Breast Cancer Prediction from Finite Needle Aspiration Data using ML
Abstract
Cancer is cancer that develops in cells of the breasts. It is the second most common cancer that diagnosed in women after skin cancer. About 1 in 8 women in the US will develop invasive breast cancer in their lifetime. (https://www.cdc.gov/cancer/breast/statistics/index.htm). About 85% of breast cancers occur in women who have no family history of breast cancer. These occur due to genetic mutations that happen because of the aging process and life in general, rather than inherited mutations.
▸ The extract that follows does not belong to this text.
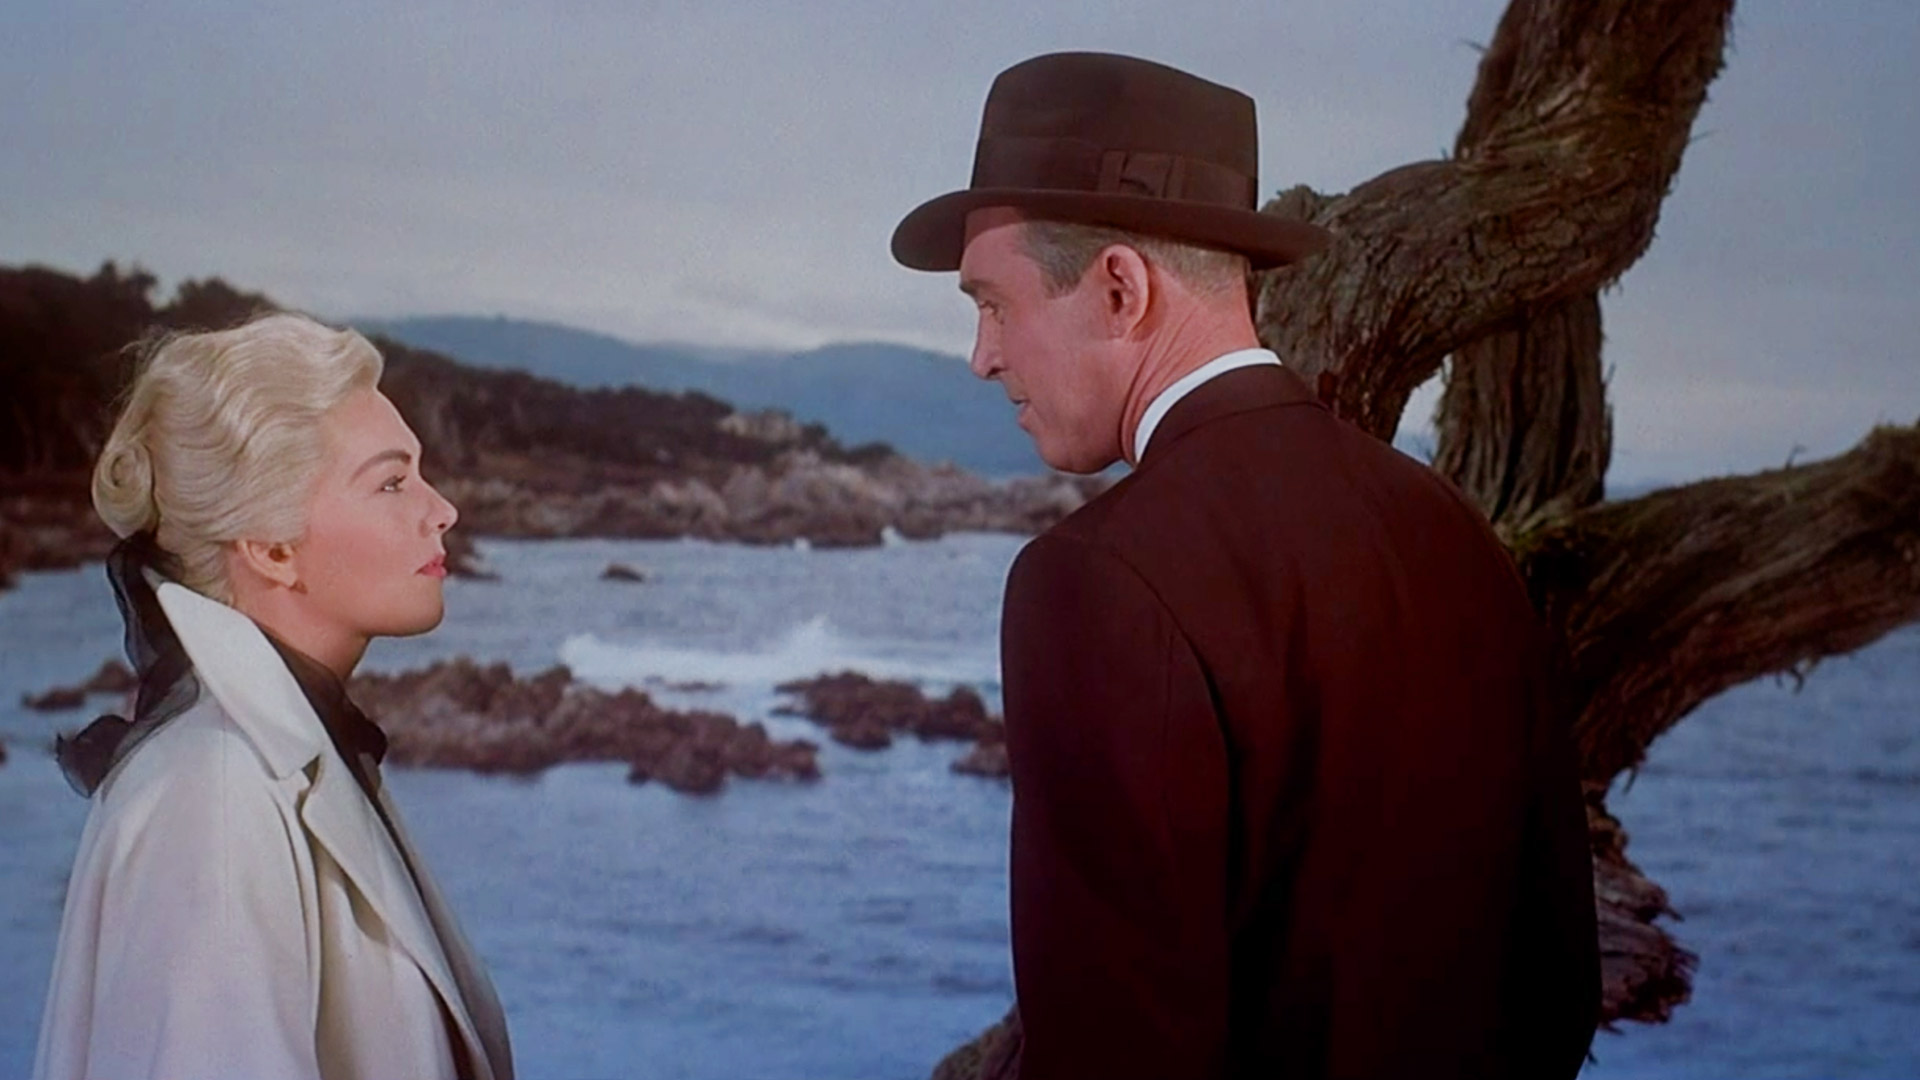 جیمز استوارت در کنار دریا در فیلم vertigo

Breast Cancer diagnosis involves biopsy of the sample from the suspected area. Fine needle biopsy is the standard type of biopsy procedure that is followed. It is carried out by removing the tissue from the suspected area using a fine needle. But, many of the cases, the result of the fine needle biopsy alone will not be sufficient to confirm whether the tumor is benign or malignant. The next level of diagnosis involves core needle biopsy or surgical biopsy. There are many drawbacks of core needle and surgical biopsies. These are more invasive techniques and often involves with the chances of infection and bruising. Surgical biopsy is having longer and more uncomfortable recovery time and often the amount of tissue removed can also change the look and feel of the breast.
If we can predict whether a tumor is malignant or benign finite needle aspiration (FNA) data and identify the key attributes, then further complex diagnostic methods like surgical biopsy can be avoided. We have used the data available in Wisconsin breast cancer data set available in Kaggle for the analysis. We are applying standard Machine learning methods such as Logistic regression, Support Vector Machines, Decision trees on the data to get the insights and predict the type of cancer.
Presented and Published in: Proceedings of the Sixth International Conference on Business Analytics and Intelligence, December 2018, IISc, India.